GIVEN DATA -
>>>
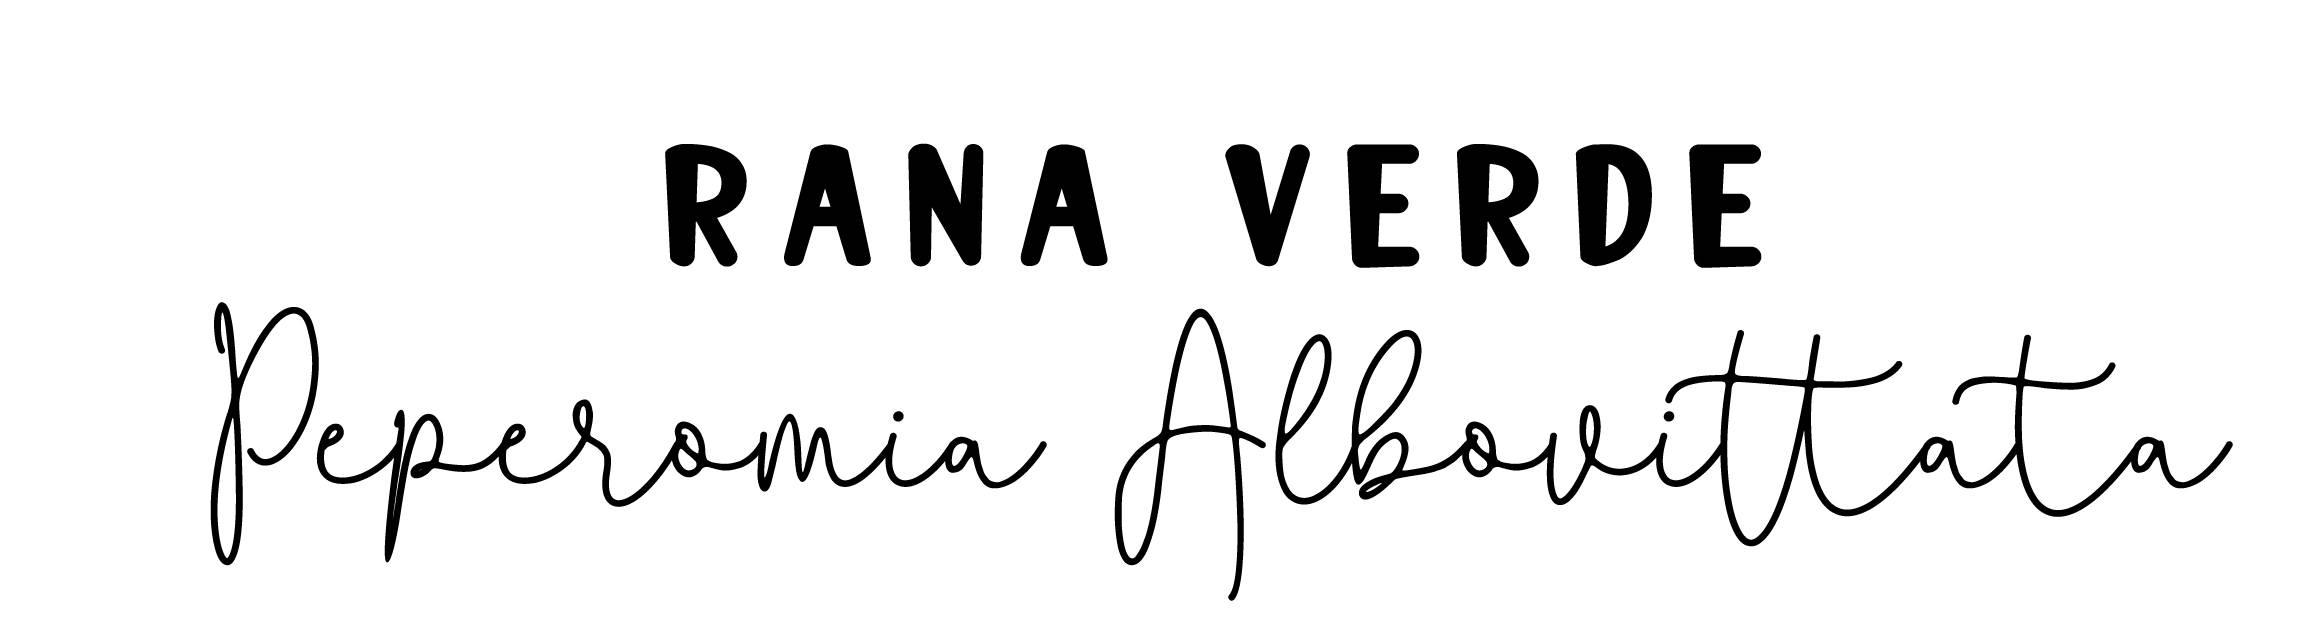 Rana Verde: Peperomia Albovittata Rana Verde
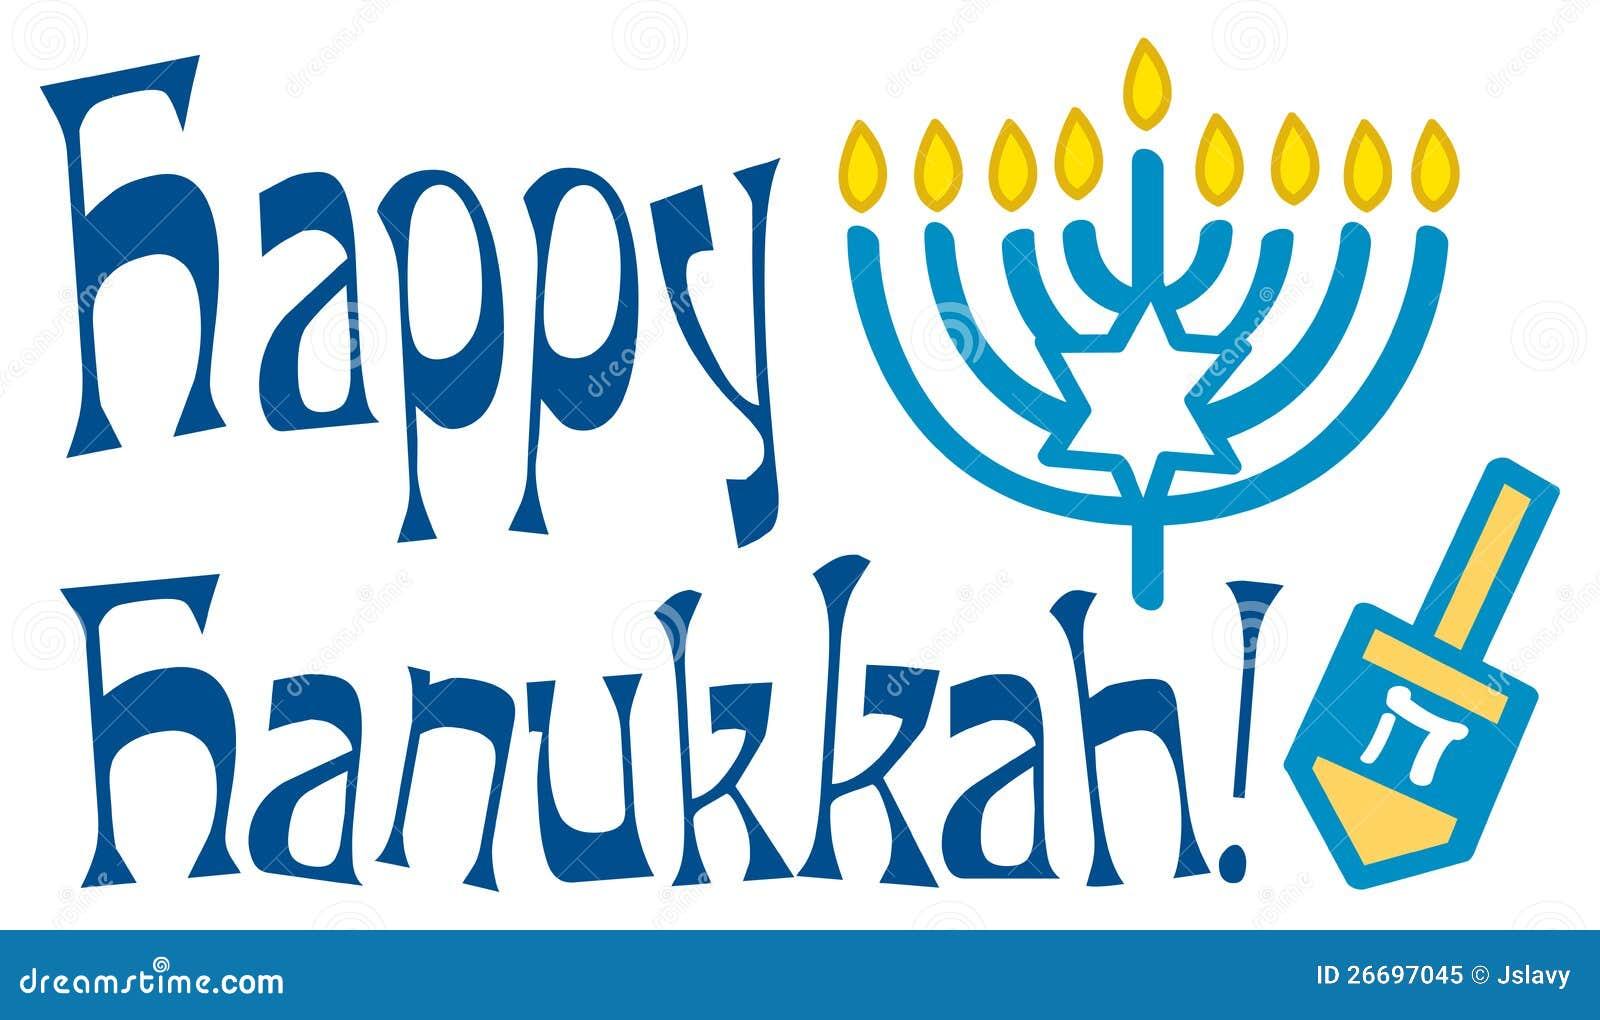 Happy Hanukkah Greeting Royalty Free Stock Photo - Image: 26697045
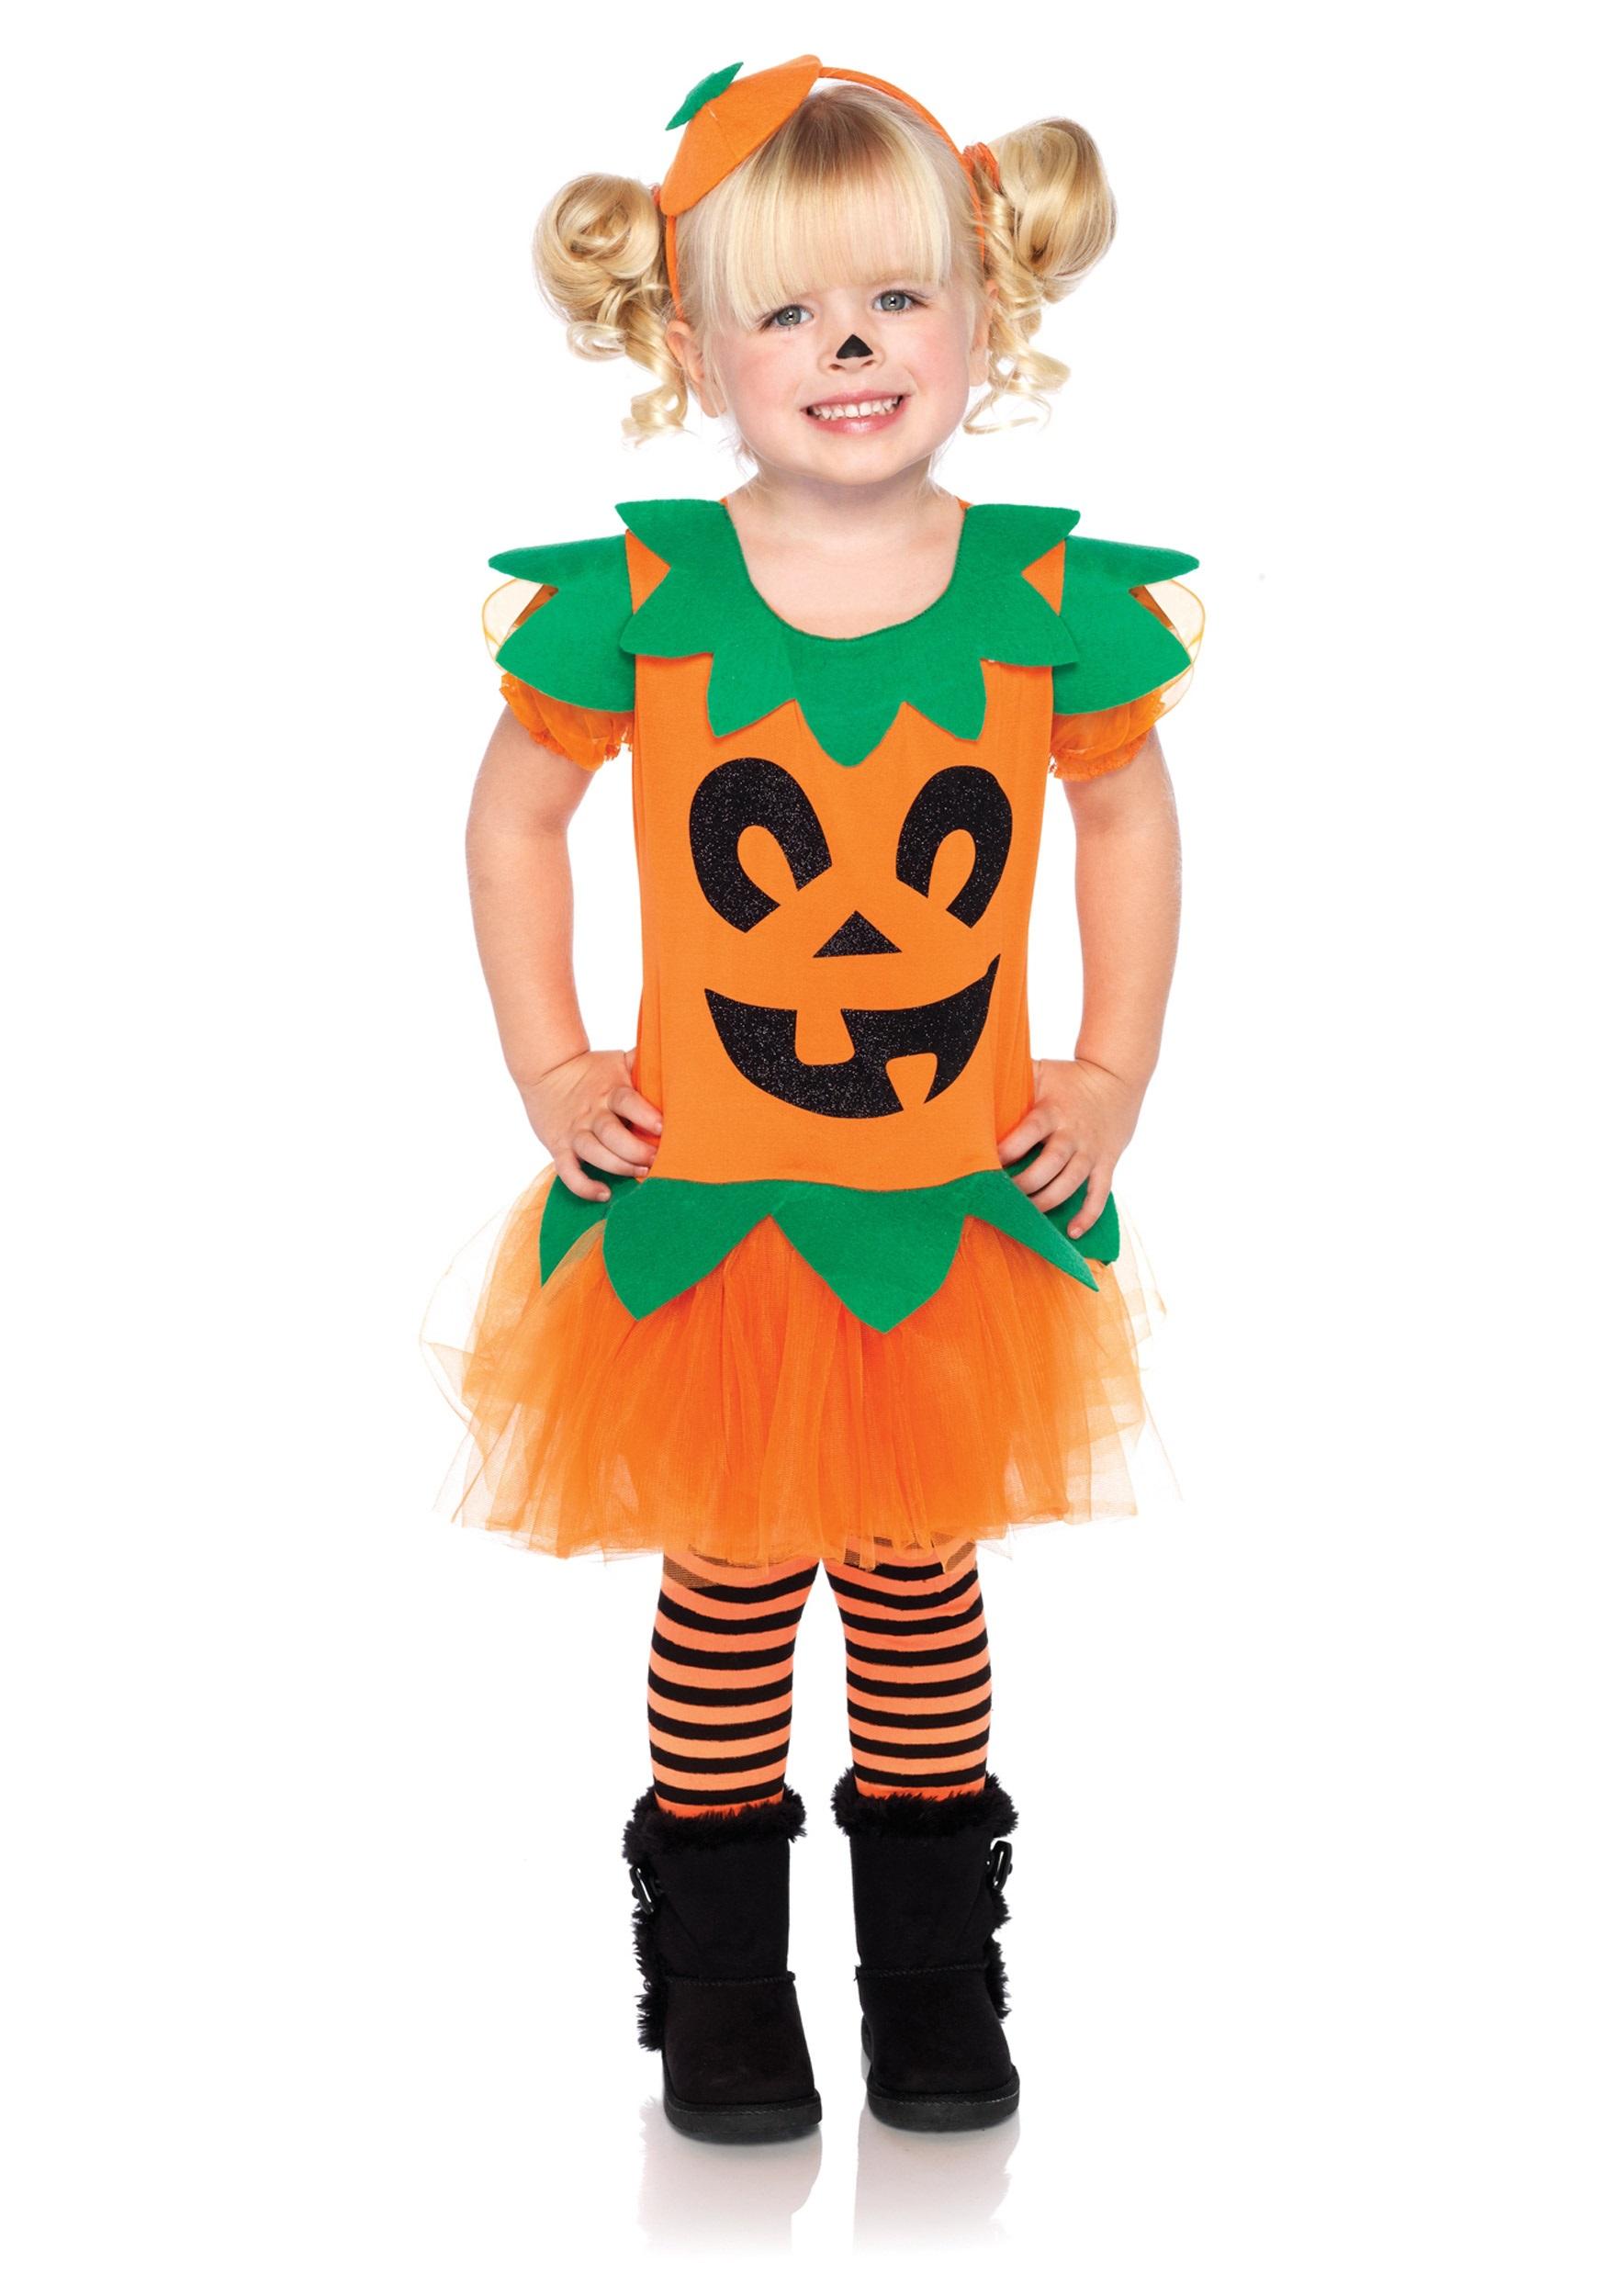 Child Pretty Pumpkin Costume  sc 1 st  Halloween Costumes & Child Pretty Pumpkin Costume - Halloween Costumes
<<<
PROBLEM DETAILS -
Return the listing above in full and unaltered. Keep the pictures out.

RESULT OF THE TASK -
 Rana Verde: Peperomia Albovittata Rana Verde
 Happy Hanukkah Greeting Royalty Free Stock Photo - Image: 26697045
 Child Pretty Pumpkin Costume  sc 1 st  Halloween Costumes & Child Pretty Pumpkin Costume - Halloween Costumes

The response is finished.